Students from the horticultural classes gave a power point demonstration on what action that will be taken to bring about the change needed to stop the encroachment of the plant. They along with many volunteers will be planting native plants and trees, flowers and grasses beside the Chinese invader, we cannot lose our rich supply of native flora to the imported plants that are endangering the growth of our native plants. Allison and Amelia Higgins and Ryan Haley were those students.

Stones River Watershed Association is a partner in the project. Locally Neal Applebaum will be the liaison in this venture. He is bringing with him those of them who have already contributed so much for the preservation of the waterway known as Stones River. The Stones River starts right here in Cannon County and is a large contributor to Percy Priest Lake where the river ends on the outside of Nashville.

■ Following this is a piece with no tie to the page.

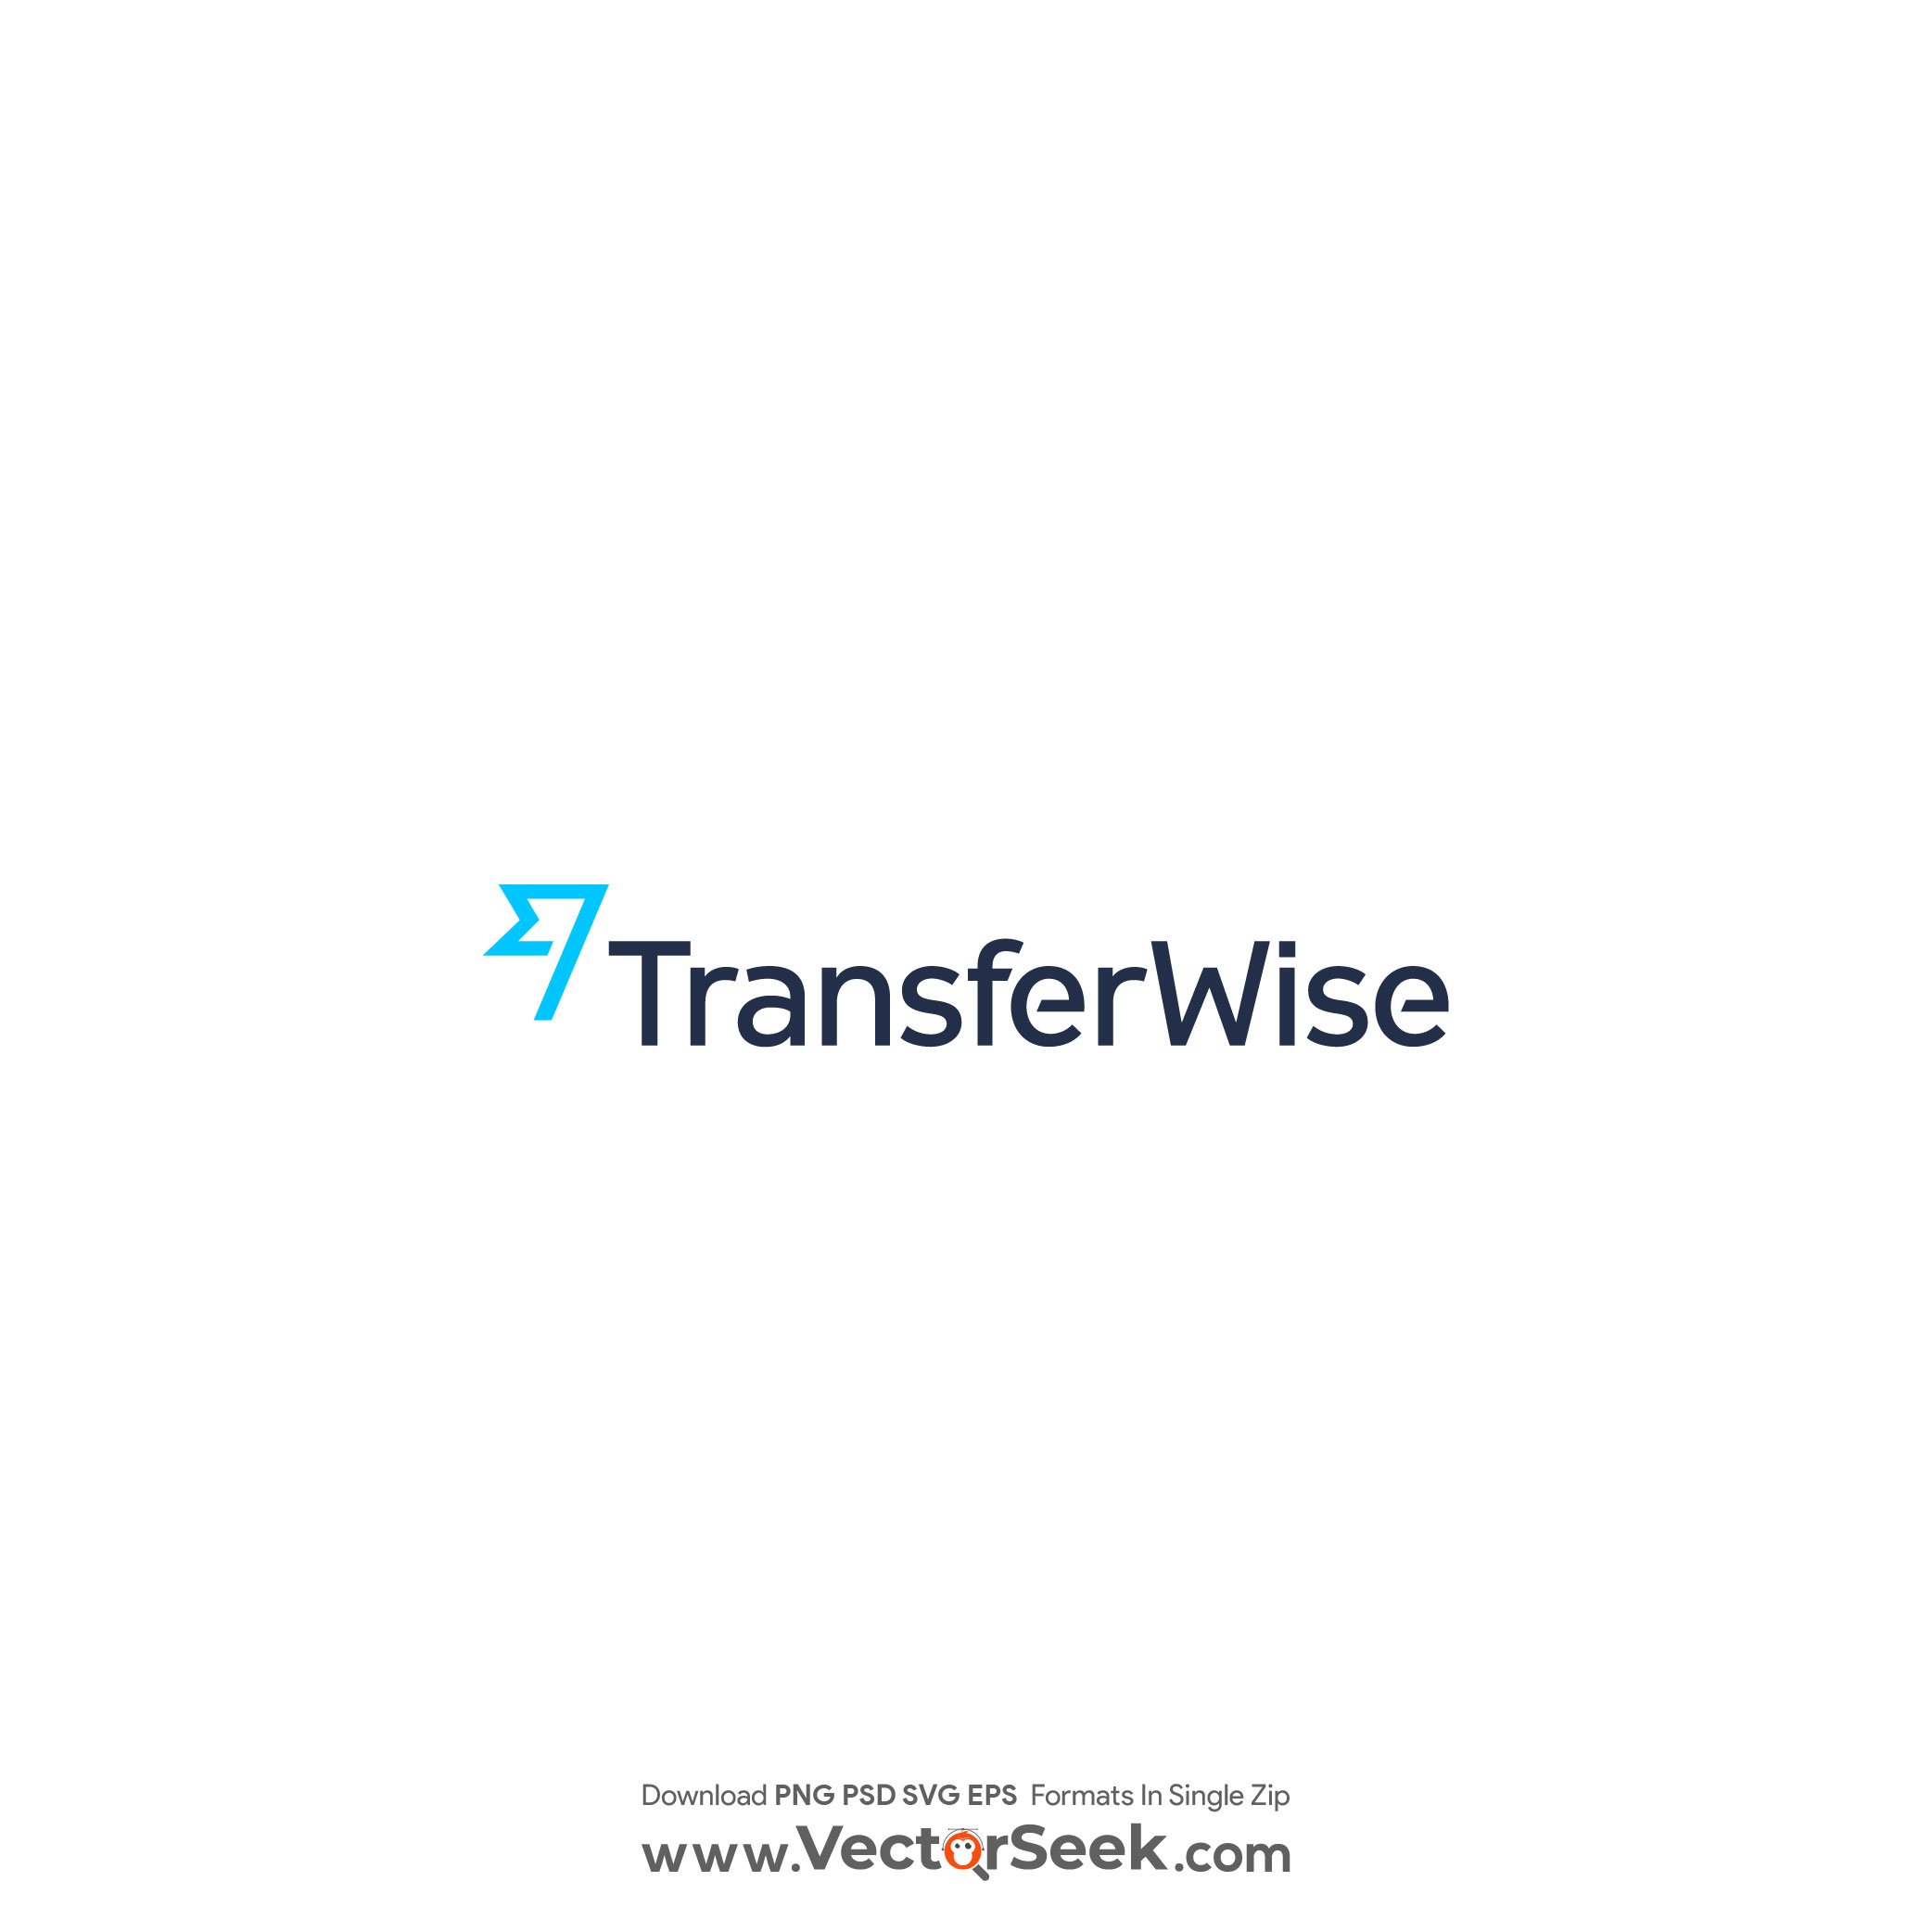 TransferWise Logo Vector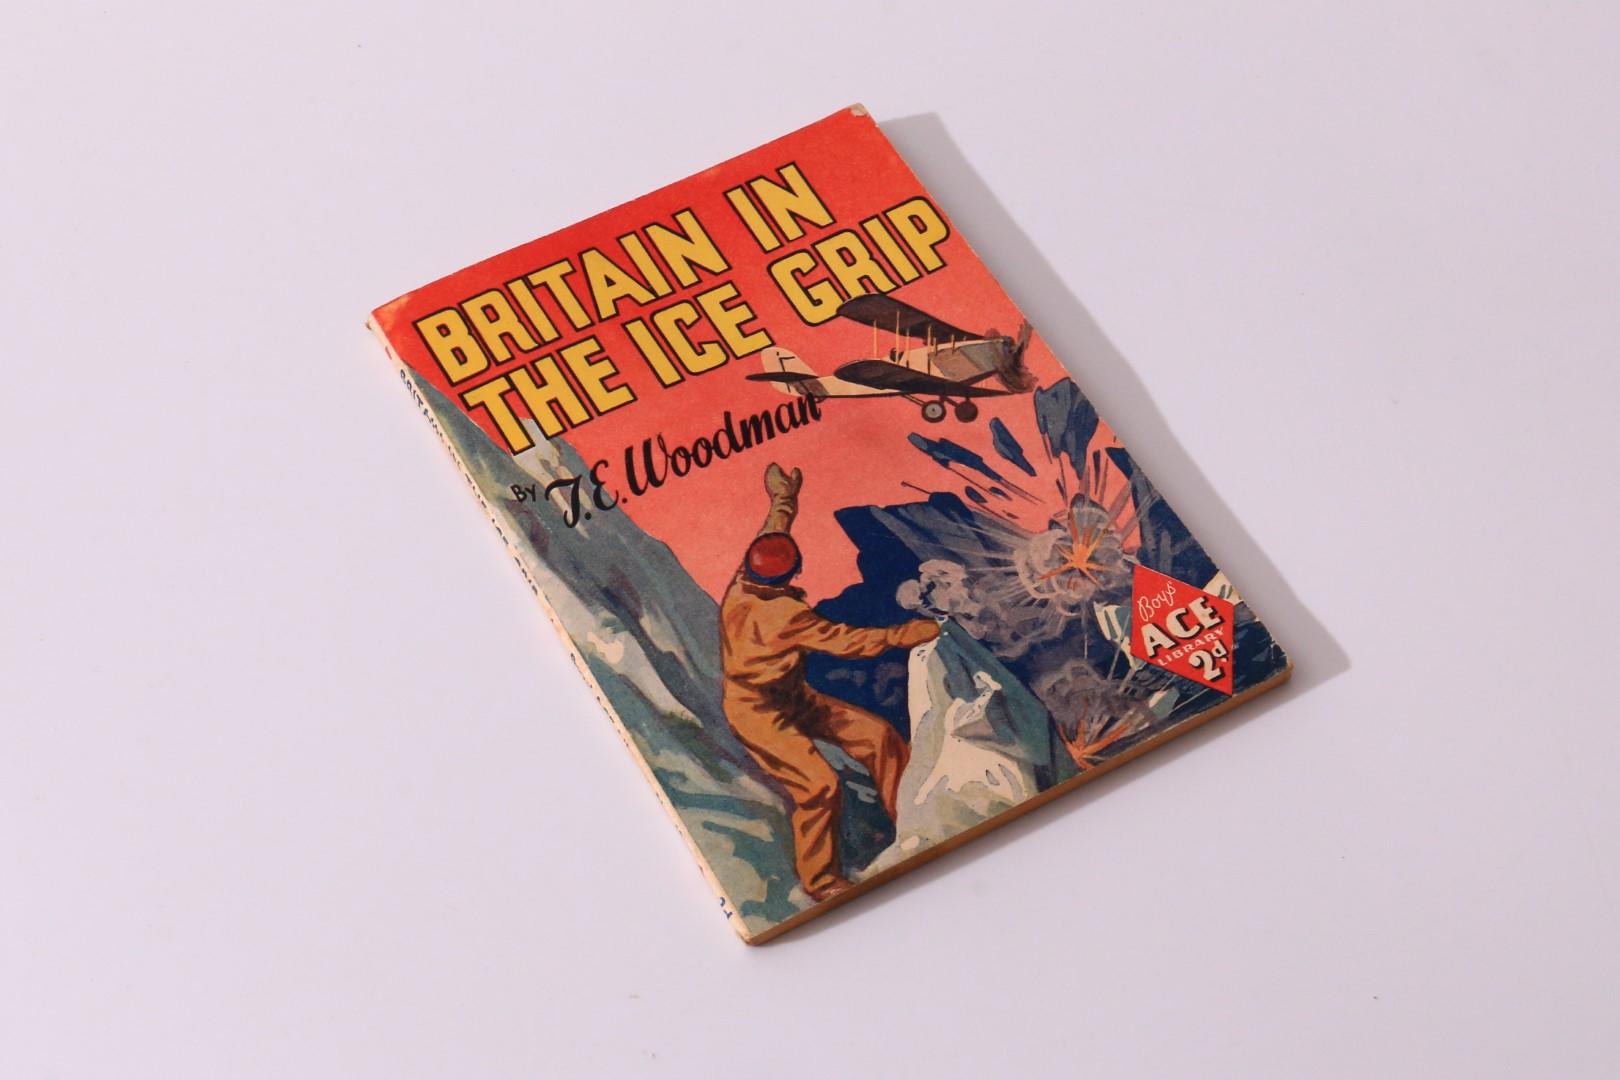 T.E. Woodman - Britain in the Ice Grip - Arthur Pearson, n.d. [1937], First Edition.

At the meeting was another member of the Watershed Association, Terri Hogan, who works with the Stones River National Battlefield in Murfreesboro. Ms. Hogan monitors “invasive species” on that reservation. She spoke at this meeting telling about the plant that rapidly grows and is in most if not all the Southeastern United States because of ideal growing conditions for the plant.

The residents of Woodbury and Cannon County will be seeing a lot if work around Dillon Park for upcoming months; if you would like to volunteer to help you can contact Pam Hoskins at the USDA office on Old McMinnville Highway, right before you get to the Cannon Manor.

Members of the local conservation association were on hand to watch this demonstration. They were David George, Russell Vance, Joe Young and Mark Barker. All these men are successful farmers here in the county and know of this plant first hand on their farms. Bob Melton was also in attendance as well as Kathy Daugherty of the Hull-York Lakeland Resource and Conservation and Development. (www.hylrcd.org.)